Anthony Bergin, a key figure in both organisations, has added fuel to the fire with a call to create a ‘national citizens’ militia.’ Bergin aired his views in a recent opinion piece in The Age and Sydney Morning Herald. He uses the Defence Strategic Review’s flawed logic that ‘warning time’ before a direct attack is now ‘essentially zero’ to whip up an even greater sense of insecurity. Fear-mongering is the stock-in-trade for those who would have us engage in a war with an ‘enemy’ whose interests are patently not advanced by war.

The militia, we are told, would provide military training for those willing to defend our shores. It would occupy a space between conscription and the part-time army reserve. The ASPI author thinks that such an operation would be easy to ‘sell’ to the Australian public.

For many, the concept of manufacturing threat perceptions as an easy ‘sell’ might seem a little grotesque. What is being sold is the idea that a war is inevitable and acceptable. It is selling the idea that engaging in a national militia would be ‘interesting, real and rewarding.’ What is really being sold is a short-cut to the military, that would provide more fodder for war, but without the laborious need to provide a lucrative career-path, for young men and women.
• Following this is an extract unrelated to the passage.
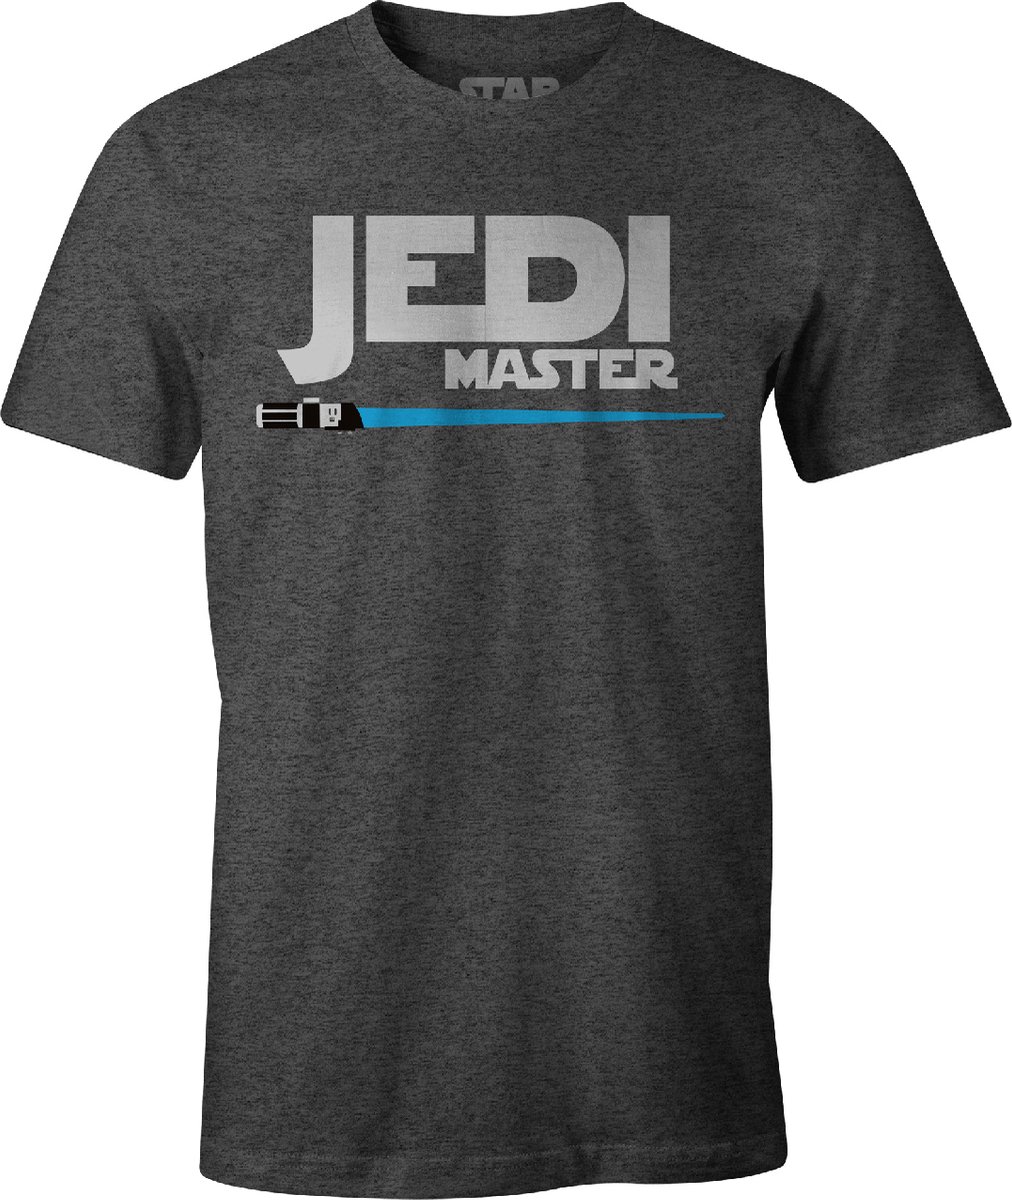 Star Wars - Jedi Master T-Shirt Black - XL

He uses Ukraine as an example, although it might have better served his cause to have left that out of the equation. The most prominent of Ukraine’s militias is the Azov battalion. If he means these to be a model, then he has something to explain. The Azov militia is home to some of the more extreme right-wing and fascist elements in Ukraine. However, propaganda is propaganda and he believes no-one will notice such a minor issue.

Problems immediately spring to mind with the militia idea. We are expected to believe that this quasi-military force would have a role in defending Australia from an invading Chinese army. This invasion force must travel 7,500 kms to get here. This is something of a logistical difficulty, made worse by the fact that there are a number of countries that would have to be crossed first, or if coming by sea, manage to sneak past the assembled might of the world’s greatest naval fleet. If the invading hordes did manage this improbable and pointless task, they would arrive in the far north of Australia, where there could be all but no militia forces. Anthony Bergin and his fellow-thinkers will, no doubt get around these minor difficulties.

The call for militias has another aspect. This goes beyond the immediate and obvious one of training people to bear arms to repel a hypothetical invasion force. Bergin sees additional roles. He considers a place for an ‘air’ militia. Pilots would be co-opted to act as border surveillance guards. This sounds reasonable except for the fact that the armed forces already have rather sophisticated means at their disposal to detect any invasion fleet. The same might be said for his projected maritime militia.

The real motivation behind this plan is to engender a sense of fear and imminent threat. Threat, and promotion of threat perceptions is why ASPI exists. After all, 30 per cent of its budget comes from the government and the rest from the arms industries of the ‘free’ world. It hardly serves ASPI’s best interests not to build a threat scenario.

If a war is to be fought, and it appears imminent, if not inevitable, then it will not be fought on continental Australia. The horrible truth is that such a war would be devastating but especially devastating for the Chinese people. China is already ringed with US missile installations. These nuclear capable missiles, rather than troops or militias are the priority for Bergin, ASPI, the Australian government and its US ally.

As for China, its position has not changed since John Pilger interviewed a Chinese strategist in 2015. His words to Pilger remain clear. ‘We are not your enemy, but if you (in the West) decide we are, we must prepare without delay.’ China has been preparing. Its defence budget is growing but is still small in comparison with the United States. Its ‘preparations’ were and remain to ensure its security from an aggressive USA. Such a defensive position hardly requires war-mongers in Australia to talk of a further militarisation of society. A militia is not required. It is, after all ‘a military force that is raised from the civil population.’ This, necessarily implies a growing acceptance of a society marked at all stages by militarisation, economically, civilly; a highly propagandised society built on fear.

ASPI and SAA spokespeople are regularly featured in major media outlets in this country. They are tireless in their push to demonise an enemy that has no sinister designs on us. The work of people such as Bergin is to engender fear. From fear comes an acceptance of threat. This gives legitimacy to governments that actively promote a drive to war. Australia is facing real problems. Climate catastrophe, housing, health, cost of living, all require urgent attention. Do we need another military force?